Beneath this line is the data. Output exactly the lines from the line with "mit Sevim Çelebi-Gottschlich" to the line with "香港城市景观5k高清动态壁纸", both ends included, and nothing more.

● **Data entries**
+ + + + +

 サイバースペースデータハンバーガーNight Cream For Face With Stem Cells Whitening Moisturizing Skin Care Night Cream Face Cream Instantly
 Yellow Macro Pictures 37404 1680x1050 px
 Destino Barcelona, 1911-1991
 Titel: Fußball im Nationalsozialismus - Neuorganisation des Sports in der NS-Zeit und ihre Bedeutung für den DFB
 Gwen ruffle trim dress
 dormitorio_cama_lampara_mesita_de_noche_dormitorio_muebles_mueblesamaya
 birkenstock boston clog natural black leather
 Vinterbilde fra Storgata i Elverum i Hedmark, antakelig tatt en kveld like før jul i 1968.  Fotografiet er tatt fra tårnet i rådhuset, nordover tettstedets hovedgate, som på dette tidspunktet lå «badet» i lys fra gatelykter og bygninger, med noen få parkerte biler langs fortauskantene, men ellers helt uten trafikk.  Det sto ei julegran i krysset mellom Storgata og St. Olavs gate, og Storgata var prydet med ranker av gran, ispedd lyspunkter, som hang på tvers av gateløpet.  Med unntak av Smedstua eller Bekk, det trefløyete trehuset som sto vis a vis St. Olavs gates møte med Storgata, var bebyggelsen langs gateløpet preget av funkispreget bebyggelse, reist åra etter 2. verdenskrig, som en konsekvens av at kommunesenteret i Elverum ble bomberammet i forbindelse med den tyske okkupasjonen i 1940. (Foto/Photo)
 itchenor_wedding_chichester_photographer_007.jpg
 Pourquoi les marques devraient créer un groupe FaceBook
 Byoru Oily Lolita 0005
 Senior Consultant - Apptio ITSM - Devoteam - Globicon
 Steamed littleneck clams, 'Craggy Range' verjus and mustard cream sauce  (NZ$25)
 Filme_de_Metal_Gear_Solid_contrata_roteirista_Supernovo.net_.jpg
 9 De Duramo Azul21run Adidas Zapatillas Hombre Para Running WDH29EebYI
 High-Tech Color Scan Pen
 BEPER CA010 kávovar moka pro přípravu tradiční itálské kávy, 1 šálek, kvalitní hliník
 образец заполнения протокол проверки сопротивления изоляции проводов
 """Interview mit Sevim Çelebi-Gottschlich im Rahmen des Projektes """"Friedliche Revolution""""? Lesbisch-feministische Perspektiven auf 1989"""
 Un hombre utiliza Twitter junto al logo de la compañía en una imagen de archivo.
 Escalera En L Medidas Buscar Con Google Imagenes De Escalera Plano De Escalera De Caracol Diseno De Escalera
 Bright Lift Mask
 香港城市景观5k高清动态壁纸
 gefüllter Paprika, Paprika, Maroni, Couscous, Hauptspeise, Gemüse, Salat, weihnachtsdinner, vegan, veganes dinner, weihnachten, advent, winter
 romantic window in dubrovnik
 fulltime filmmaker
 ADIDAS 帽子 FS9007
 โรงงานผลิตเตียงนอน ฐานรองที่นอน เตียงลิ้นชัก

+ + + + +

● **Solution**
 """Interview mit Sevim Çelebi-Gottschlich im Rahmen des Projektes """"Friedliche Revolution""""? Lesbisch-feministische Perspektiven auf 1989"""
 Un hombre utiliza Twitter junto al logo de la compañía en una imagen de archivo.
 Escalera En L Medidas Buscar Con Google Imagenes De Escalera Plano De Escalera De Caracol Diseno De Escalera
 Bright Lift Mask
 香港城市景观5k高清动态壁纸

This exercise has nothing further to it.